Last Friday night, I took the bus downtown, and when the friendly bus driver asked where I was headed, I told him I was going to the library. He said “That’s how you’re spending your Friday night? At the library?!” But you know what? Hell yes, I was. Also it was a licensed, 19+ event, and glasses of wine were five dollars. FIVE DOLLARS. Where else can you get a glass of wine – and it wasn’t even plonk – for five dollars? Nowhere, that’s where. Plus a lovely spread of cheese and crackers, Roma pizza (I firmly believe there is a bylaw that states you cannot host a party in Hamilton without at least one Roma pizza in attendance) and then a table of desserts. COME ON. Best deal in town, honestly.

And while the wine was very attractively-priced, we were also there for the reveal of the Hamilton Reads One Book One Community choice for this year, and for the lovely Jane Urquhart, who read from her new book A Number of Things: Stories of Canada Told Through 50 Objects.

I will admit to being skeptical of the entire concept of A Number of Things, because there is this tendency, among Canadians, to focus only on the stereotypes when compiling lists of “Canadian” things. Toques and moose and hockey, amirite? And I still haven’t read the book, so I’m withholding judgement, but from what Jane read on Friday night, I feel I might be pleasantly surprised by the insight and depth of research, by the thoughtful inclusion of important, culturally significant objects, as well as some of the ones that may more generally spring to mind. I mean, she’s Jane Urquhart, after all. I suppose I needn’t have worried.

Worries aside, the entire evening was a delight. A packed house, standing room only for books and authors on a Friday night? Hamilton, you never disappoint. And of course, the big reveal of Zoe Whittall’s The Best Kind of People as the choice for Hamilton’s One Book One Community!

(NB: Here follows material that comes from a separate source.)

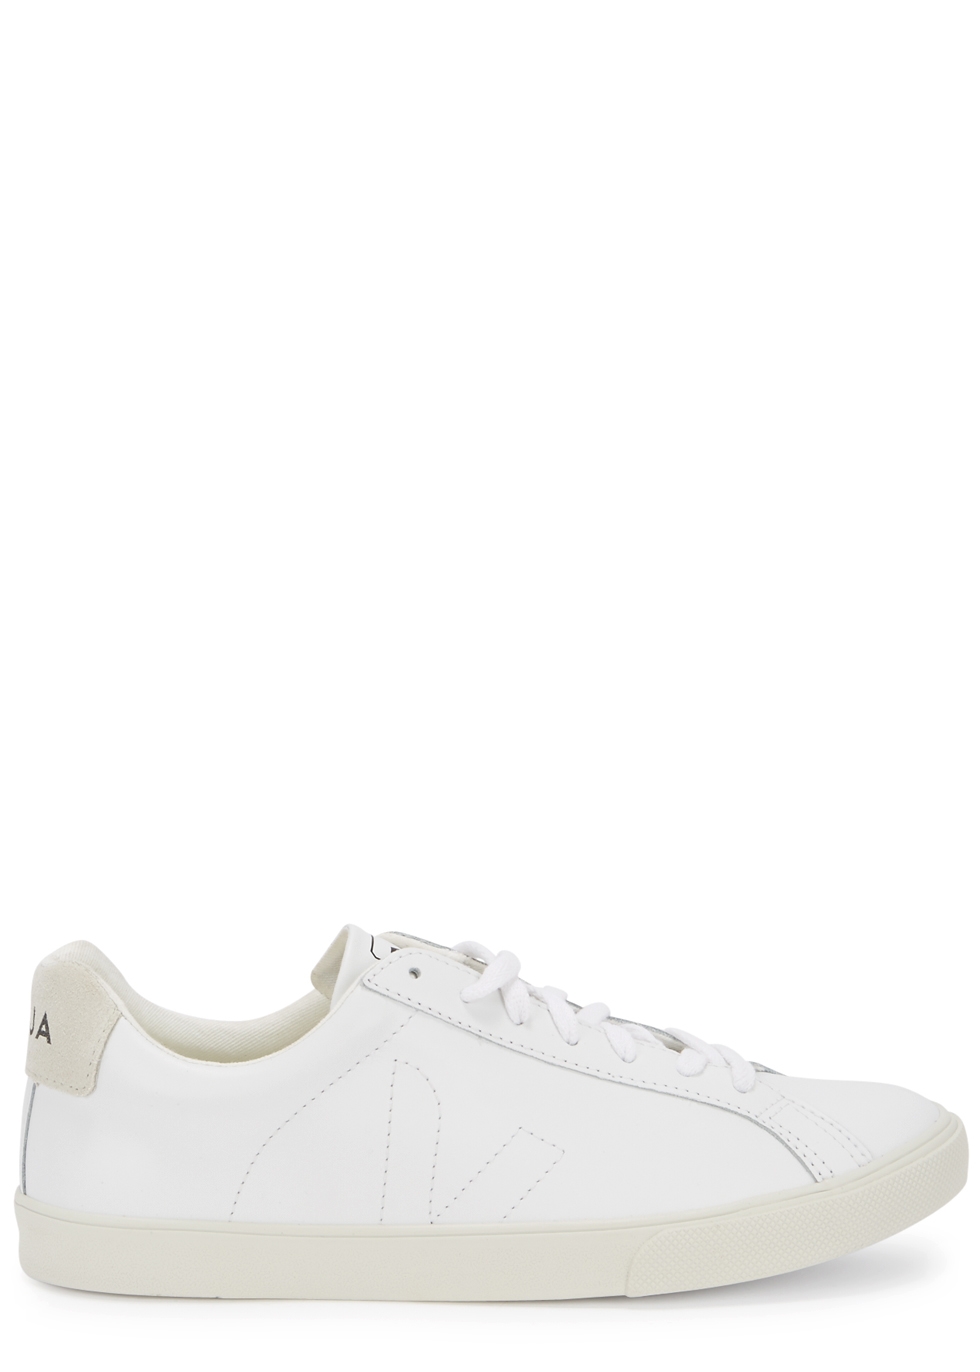 Esplar white leather sneakers
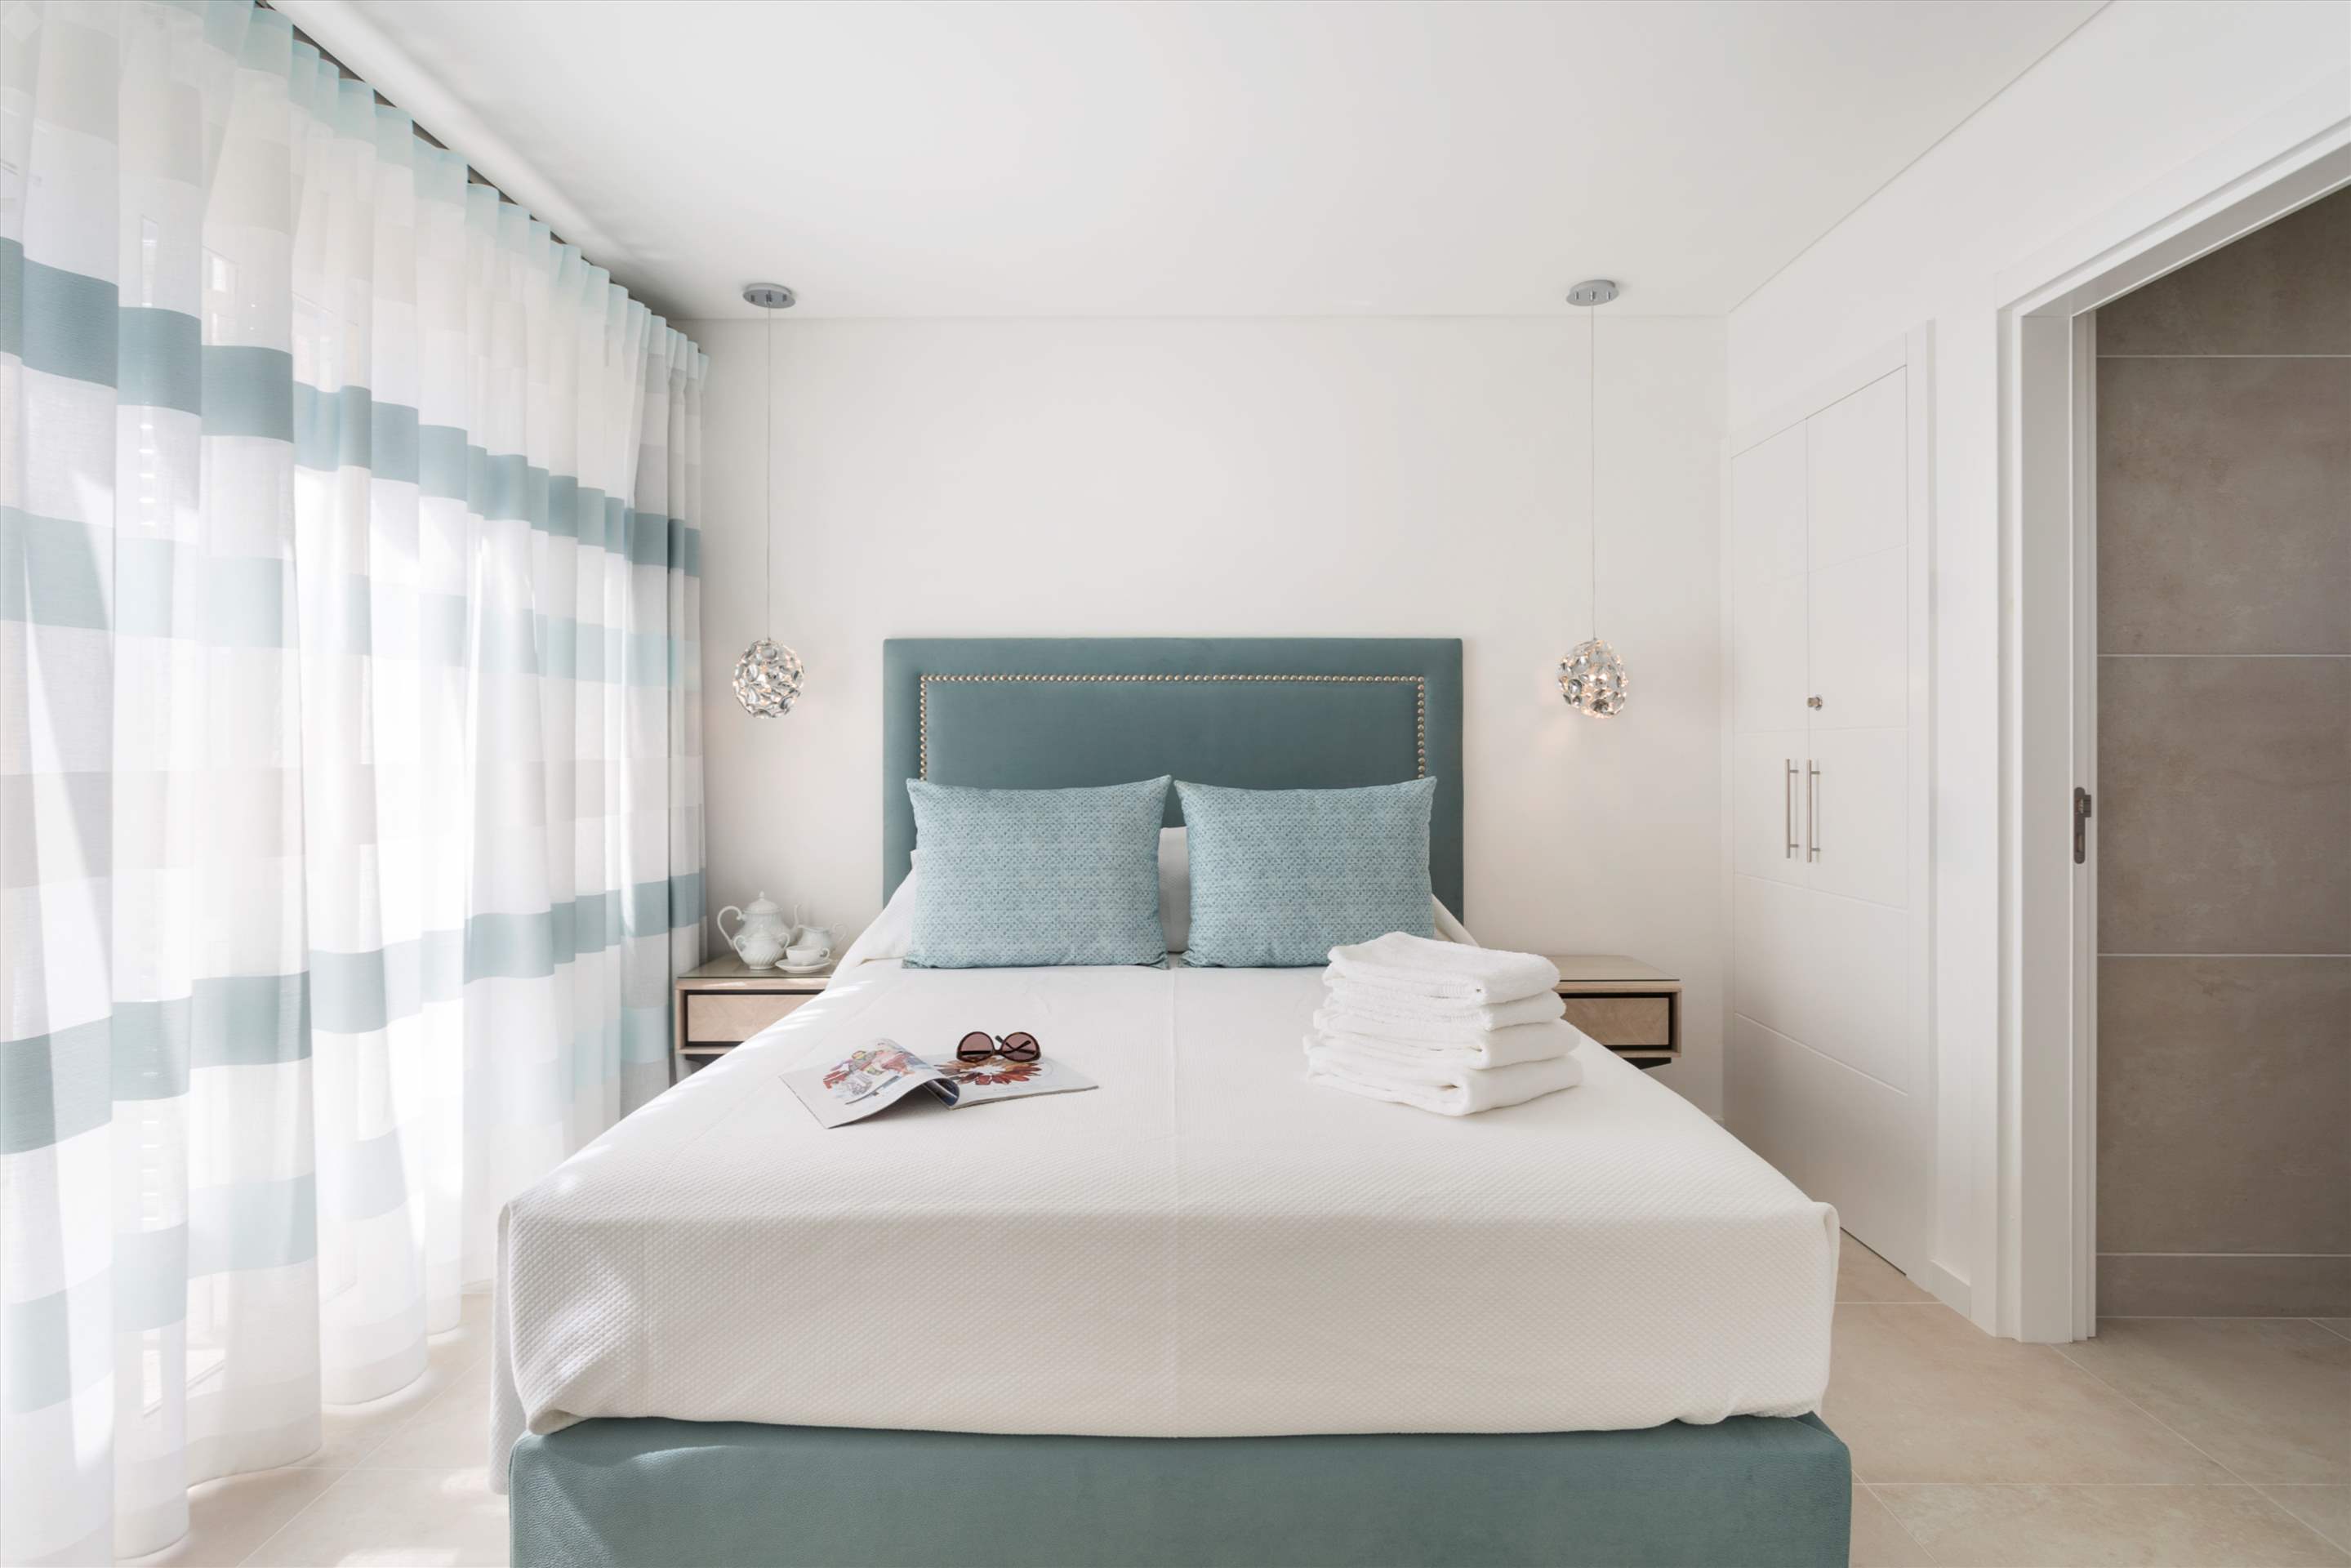 Sao Lourenco Village one bed Apartment, 1 bedroom apartment in Quinta do Lago, Algarve Photo #7

HPL has organized a season of programming designed around the OBOC pick, and there are some amazing events lined up. I’m not sure the details are available online yet, but you can pick up this little booklet and make your plans for the fall. There’s even a series of workshops by me! Pretty sure I’ll have a lot more to say about those later this summer. Other than, you know, “Eeeeeeeee! I’m running some writing workshops, you guys!” I promise, ok?

HPL staff were also there to offer book talks for those who were interested, and listening to two book talks meant you were eligible to be entered into a draw. 12 tote bags with books were up for grabs, as well as a large bucket o’ books. I didn’t win, but my friend Jessica won one of the tote bags, which made an already great night even better.

Finally, HPL is also running, for I believe the first time EVER, an Adult Summer Reading Club! It will surprise virtually no one that I consistently OWNED at summer reading club as a kid, and over the years I’ve wistfully watched from afar as other library systems began advertising their own adult versions, so I’m happy HPL is finally on board! Grab your card at any library branch, or download from the website, and print your own.

So to recap, wine and cheese, door prizes and authors, book talks and cupcakes. And all for just 10 bucks. Friday nights at the library? Absolutely, and let’s do it again soon.

Love your library system, folks. Hamilton truly has one of the best.